# What the exercise asks:
Return, with both end lines included, exactly what the data below holds from the line with "Polizisten bewachen den" through the line with "PANTONE 12-0646 TCX", though not the pictures.

··· Provided data ···

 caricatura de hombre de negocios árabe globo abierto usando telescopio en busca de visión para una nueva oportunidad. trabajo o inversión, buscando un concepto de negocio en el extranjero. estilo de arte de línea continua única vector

···
··· Provided data ···

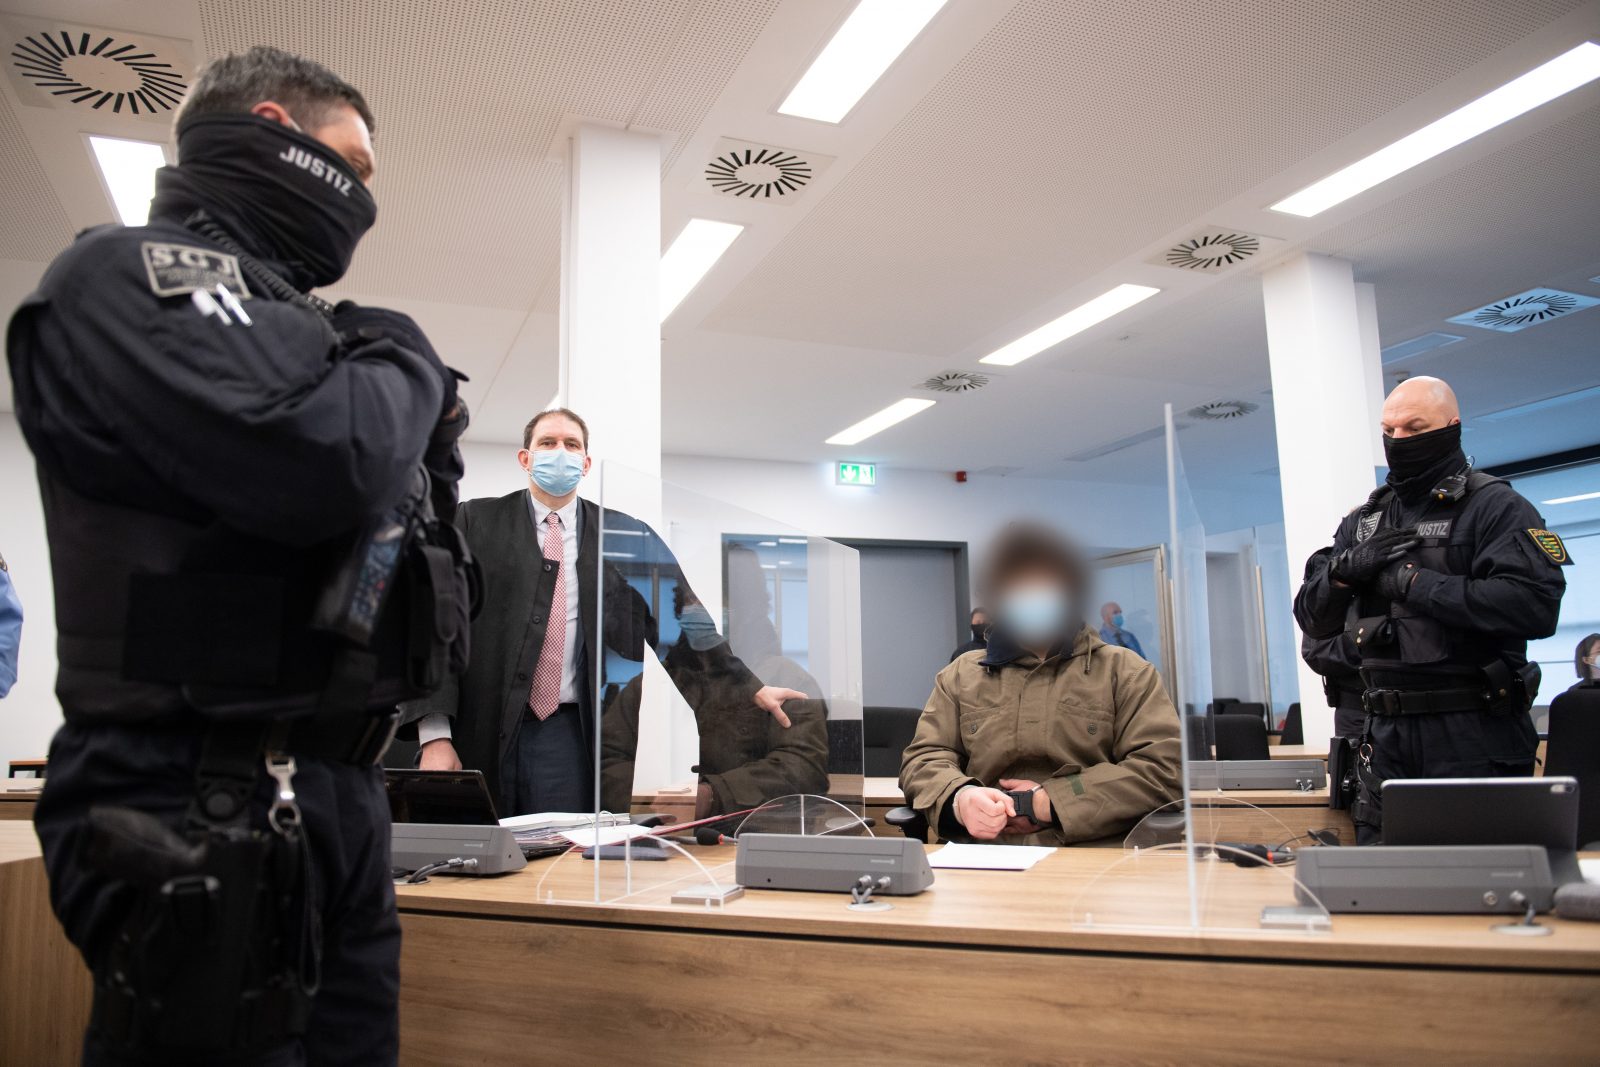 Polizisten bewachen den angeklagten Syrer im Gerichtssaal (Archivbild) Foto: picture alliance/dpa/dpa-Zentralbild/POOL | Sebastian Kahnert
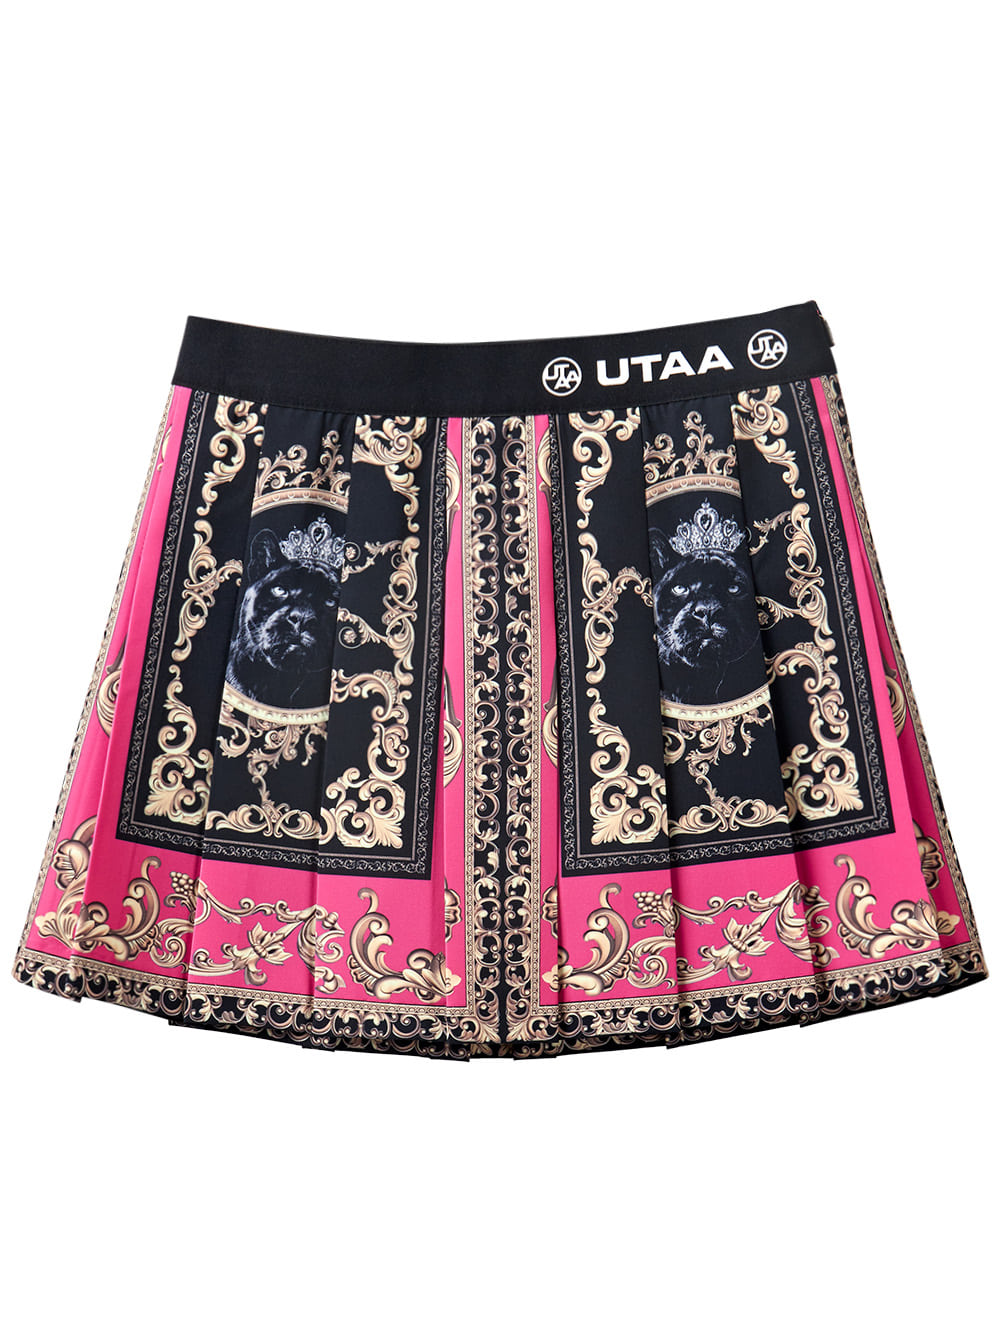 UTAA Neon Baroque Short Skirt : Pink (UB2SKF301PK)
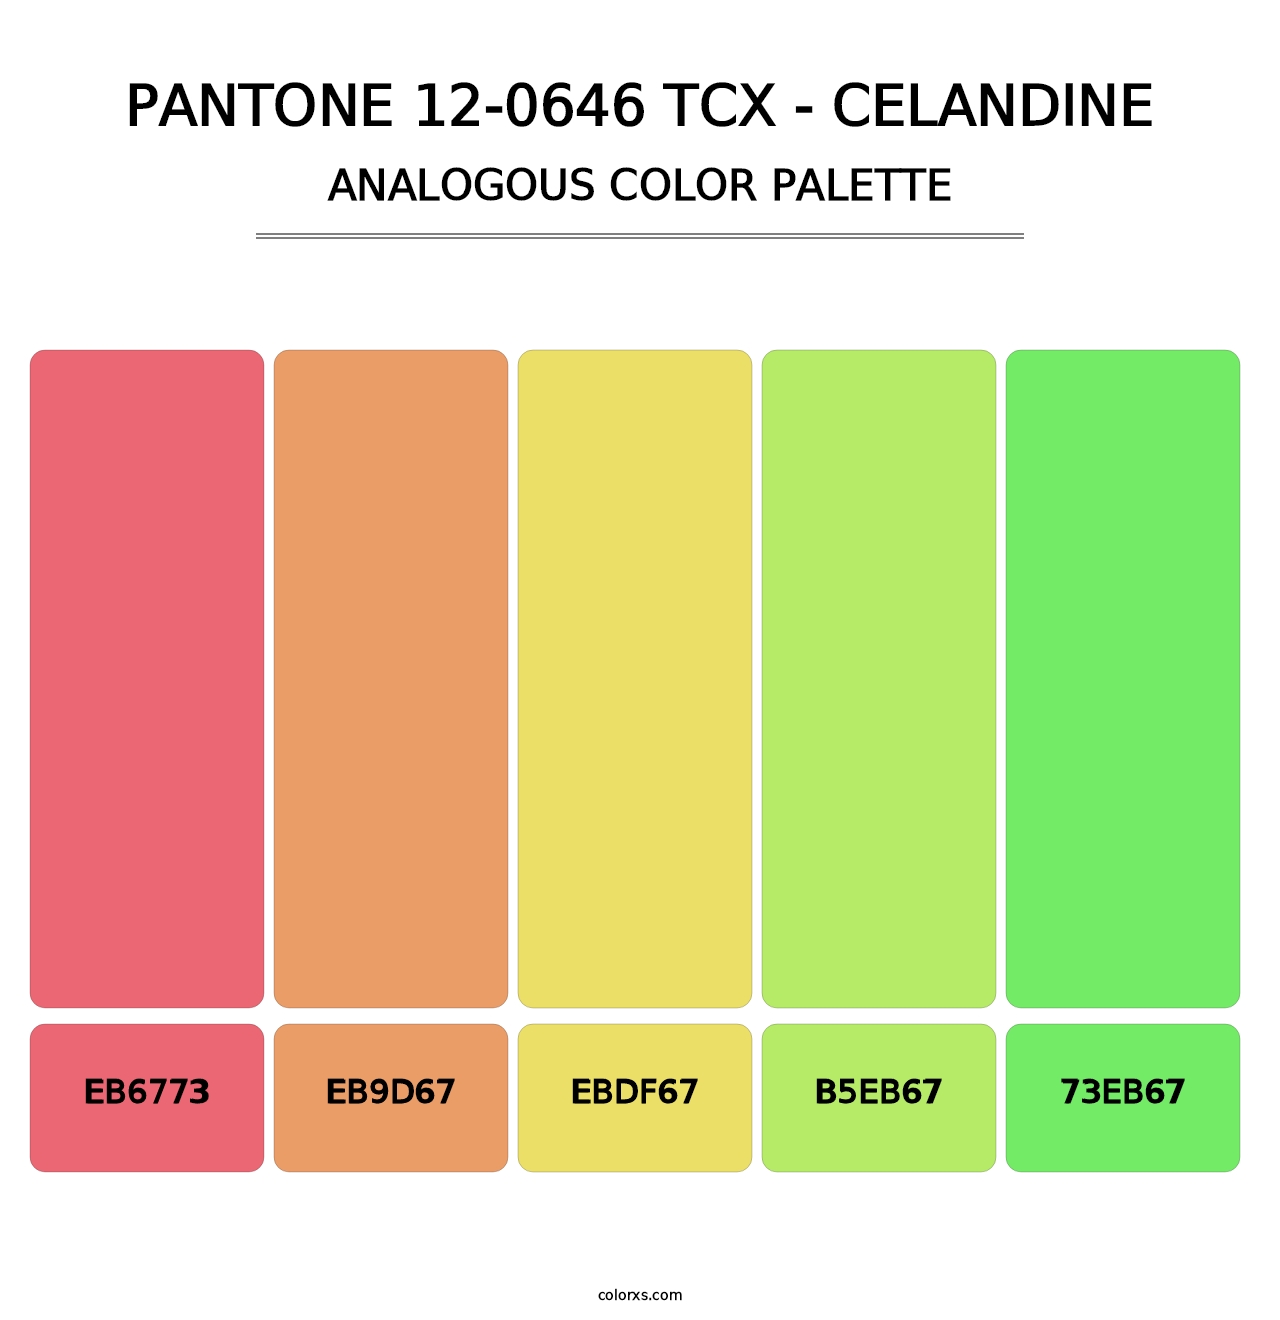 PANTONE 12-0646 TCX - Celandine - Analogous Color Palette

···
··· Provided data ···

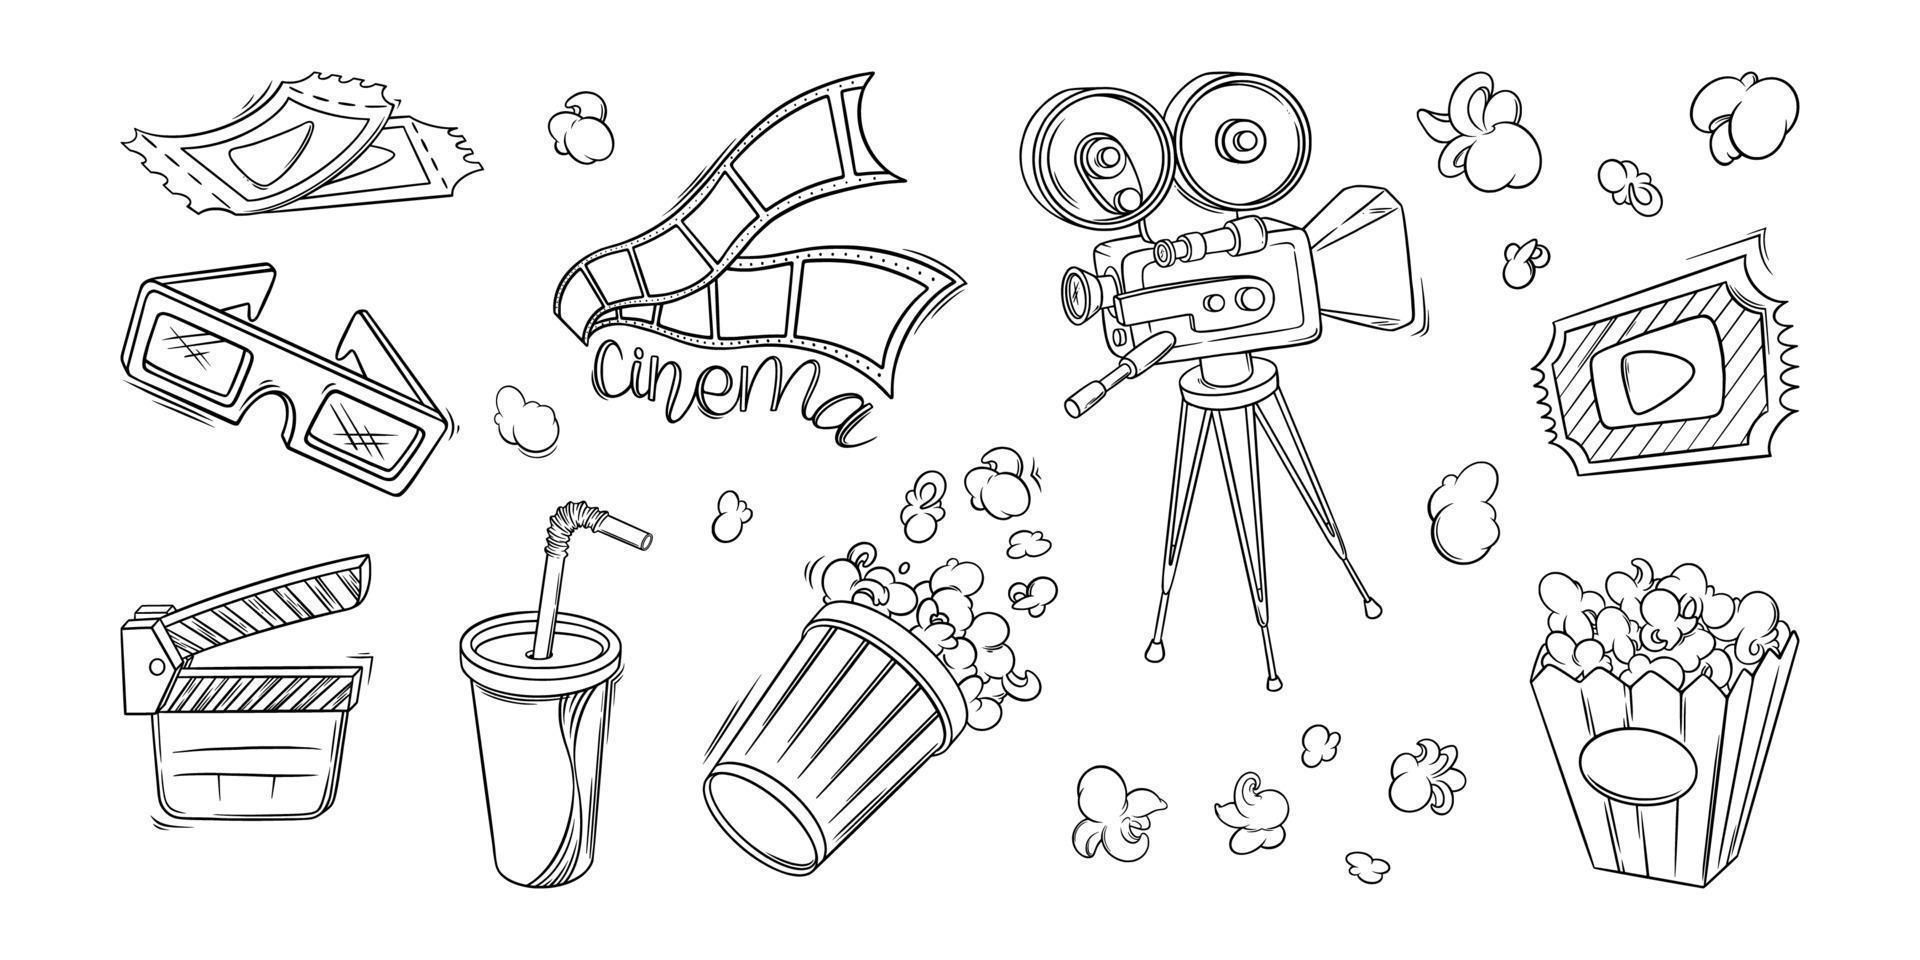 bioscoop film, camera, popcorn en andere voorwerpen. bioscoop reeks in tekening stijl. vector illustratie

···

# Exercise response:
 Polizisten bewachen den angeklagten Syrer im Gerichtssaal (Archivbild) Foto: picture alliance/dpa/dpa-Zentralbild/POOL | Sebastian Kahnert
 UTAA Neon Baroque Short Skirt : Pink (UB2SKF301PK)
 PANTONE 12-0646 TCX - Celandine - Analogous Color Palette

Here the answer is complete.